Recorded information:
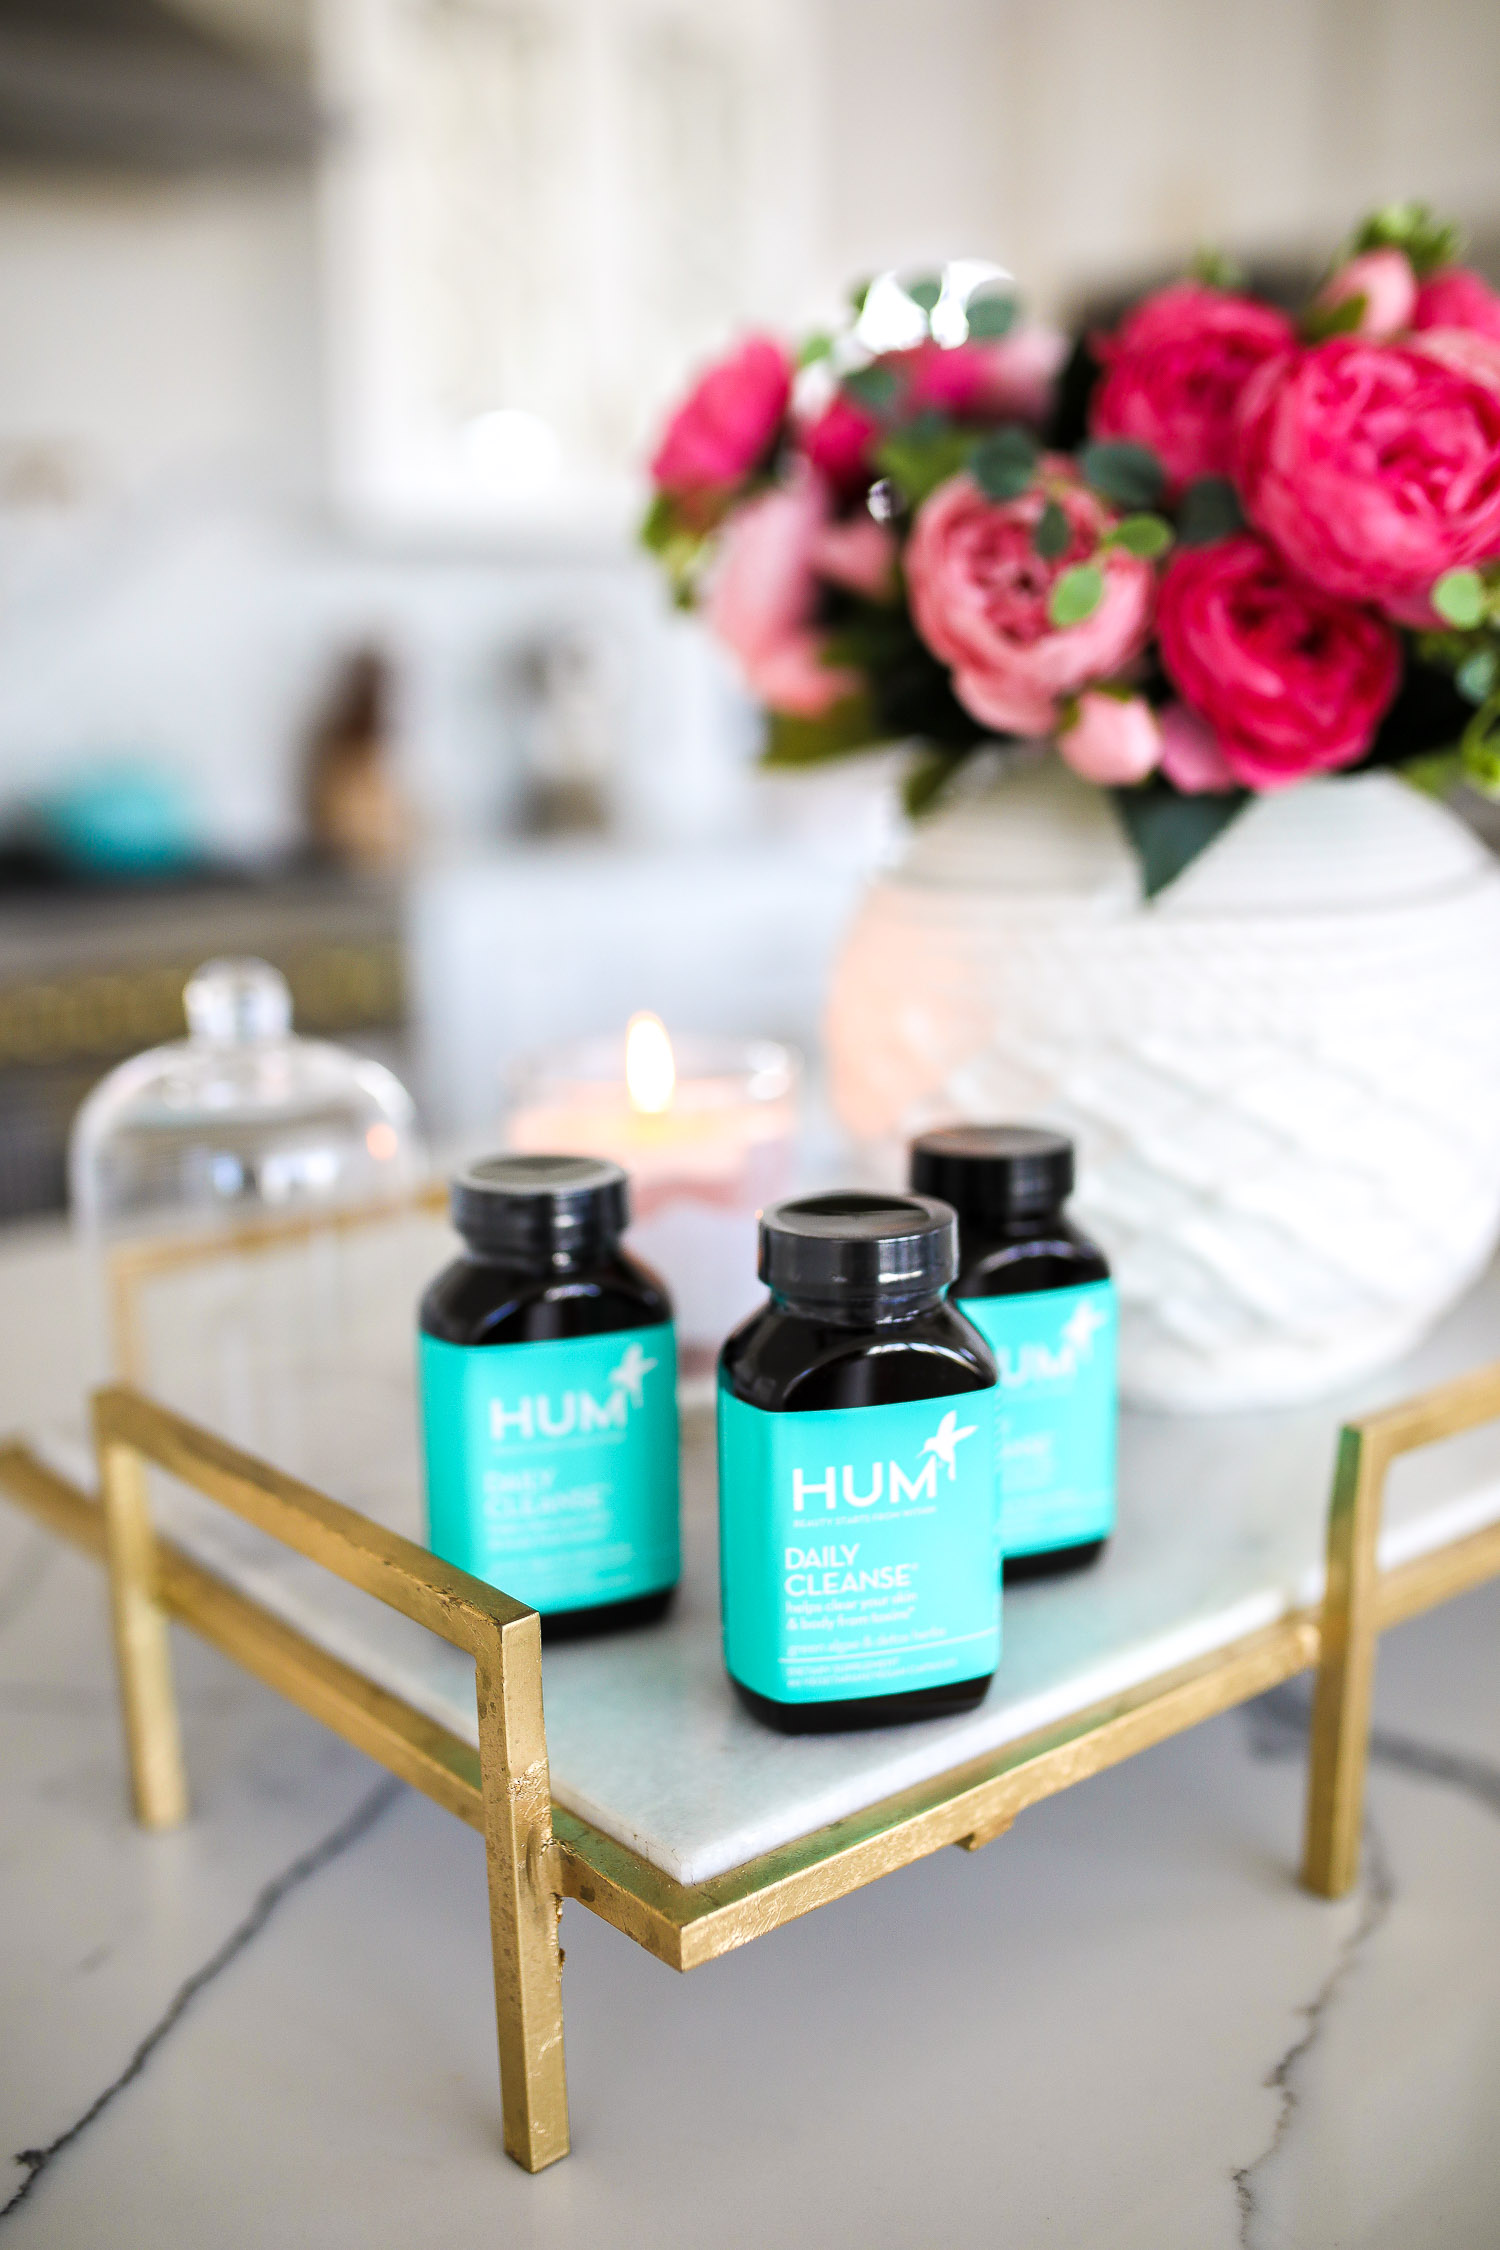 hum nutrition daily cleanse supplements, skin clearing vitamins, green algae vitamins, emily gemma skincare routine | Hum Daily Cleanse by popular US lifestyle blog, The Sweetest Thing: image of 3 bottle of Hum Daily Cleanse supplement bottles next to a white ceramic vase with pink roses in it. 
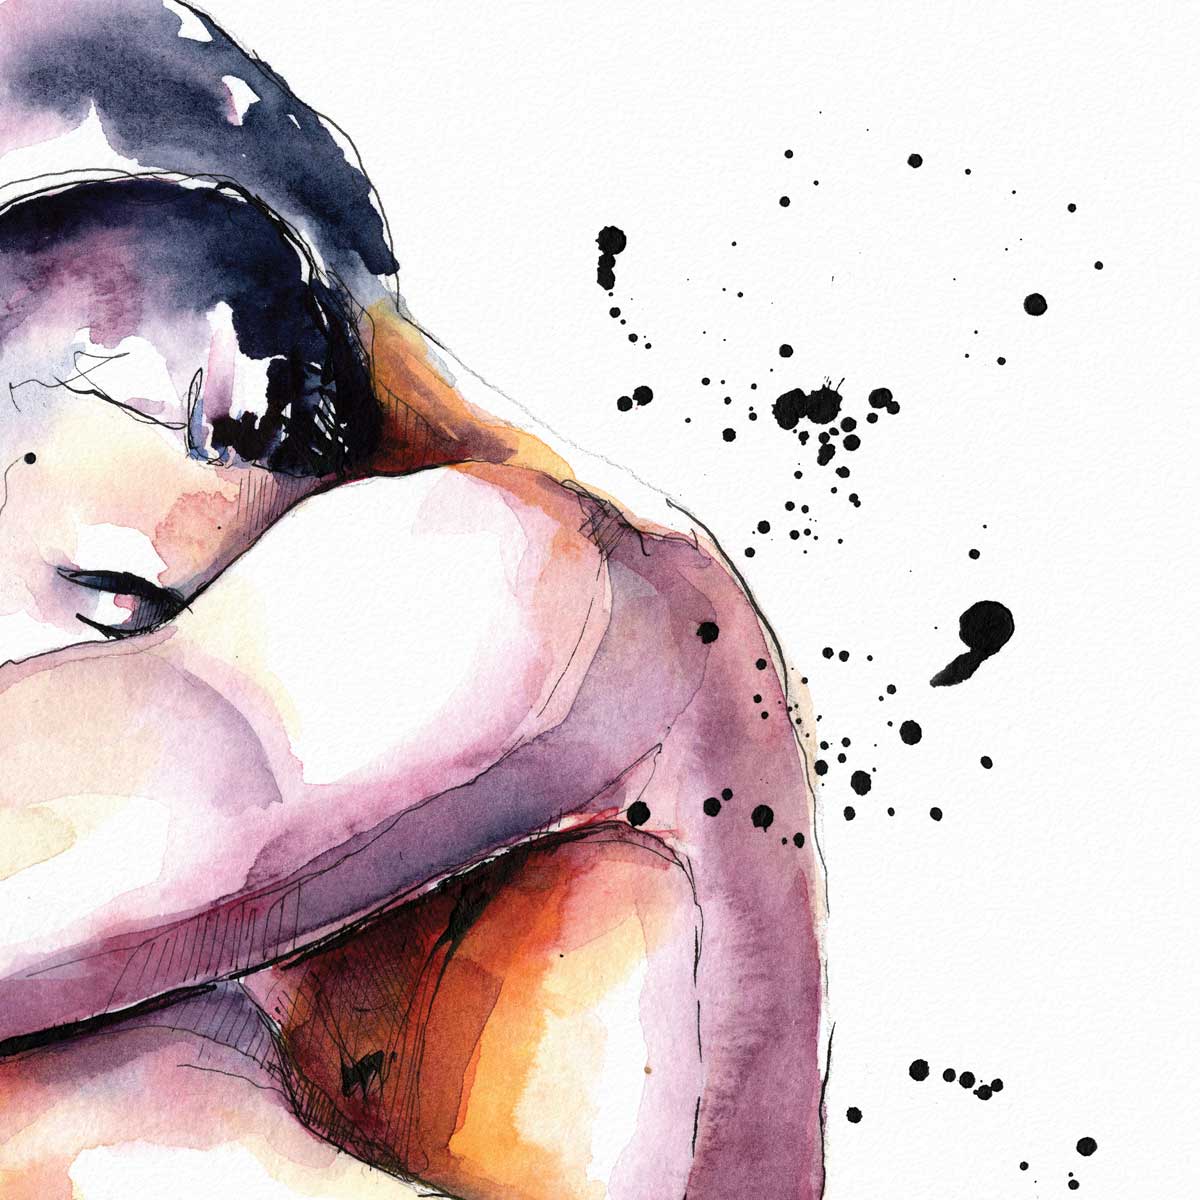 You Are Enough - Two Men in Tight Embrace - Ink and Watercolor - Giclee Art Print
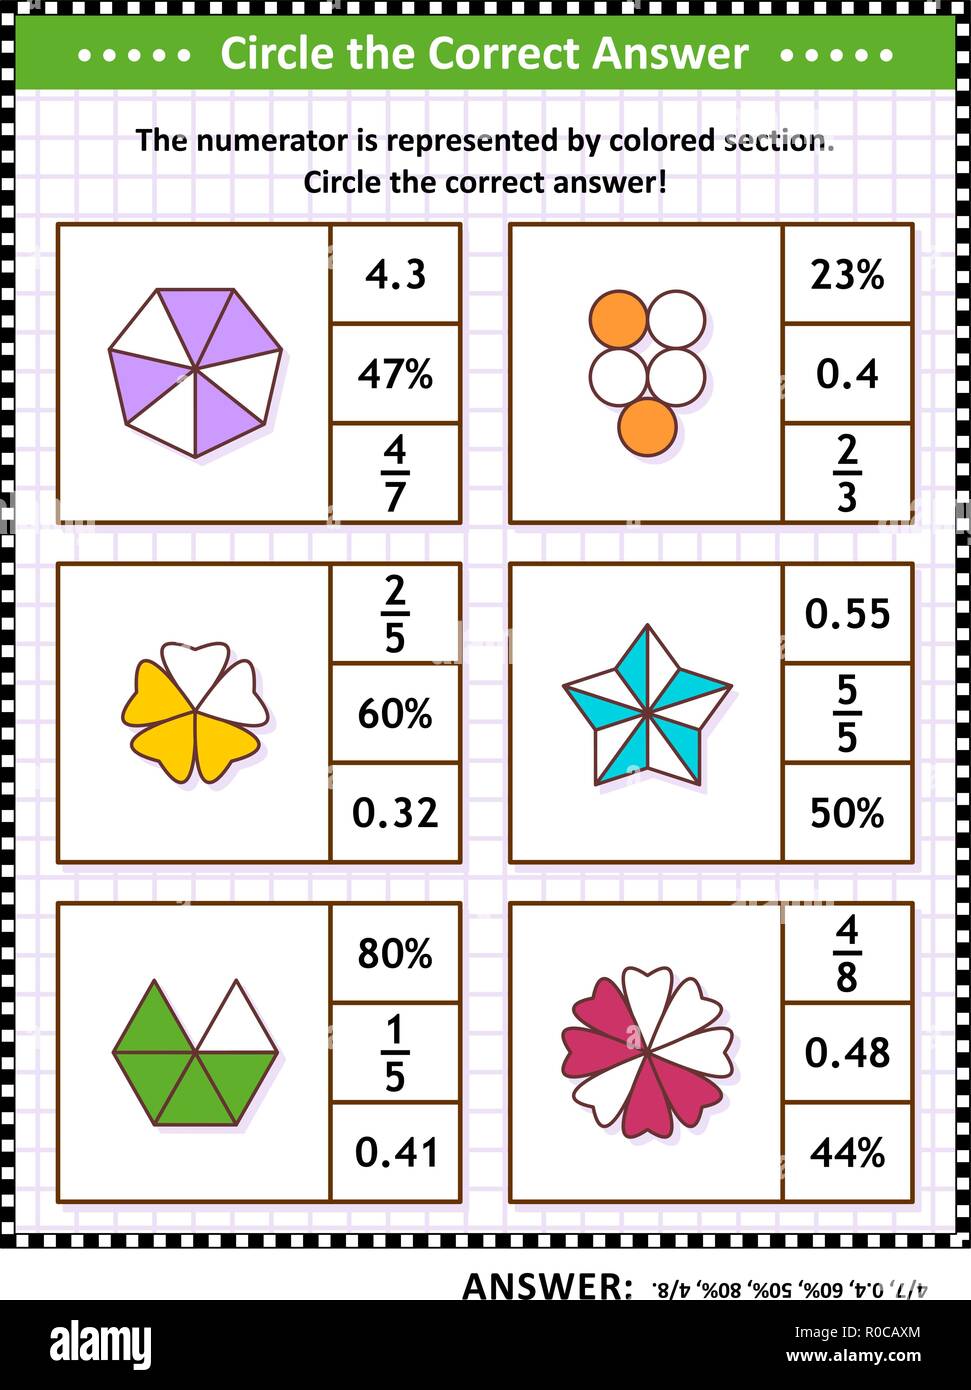 math-skills-training-visual-puzzle-or-worksheet-circle-the-correct-answer-find-the-number

How to complete this task:
Output the listing unchanged, pictures excluded.

Output:
 hum nutrition daily cleanse supplements, skin clearing vitamins, green algae vitamins, emily gemma skincare routine | Hum Daily Cleanse by popular US lifestyle blog, The Sweetest Thing: image of 3 bottle of Hum Daily Cleanse supplement bottles next to a white ceramic vase with pink roses in it. 
 You Are Enough - Two Men in Tight Embrace - Ink and Watercolor - Giclee Art Print
 math-skills-training-visual-puzzle-or-worksheet-circle-the-correct-answer-find-the-number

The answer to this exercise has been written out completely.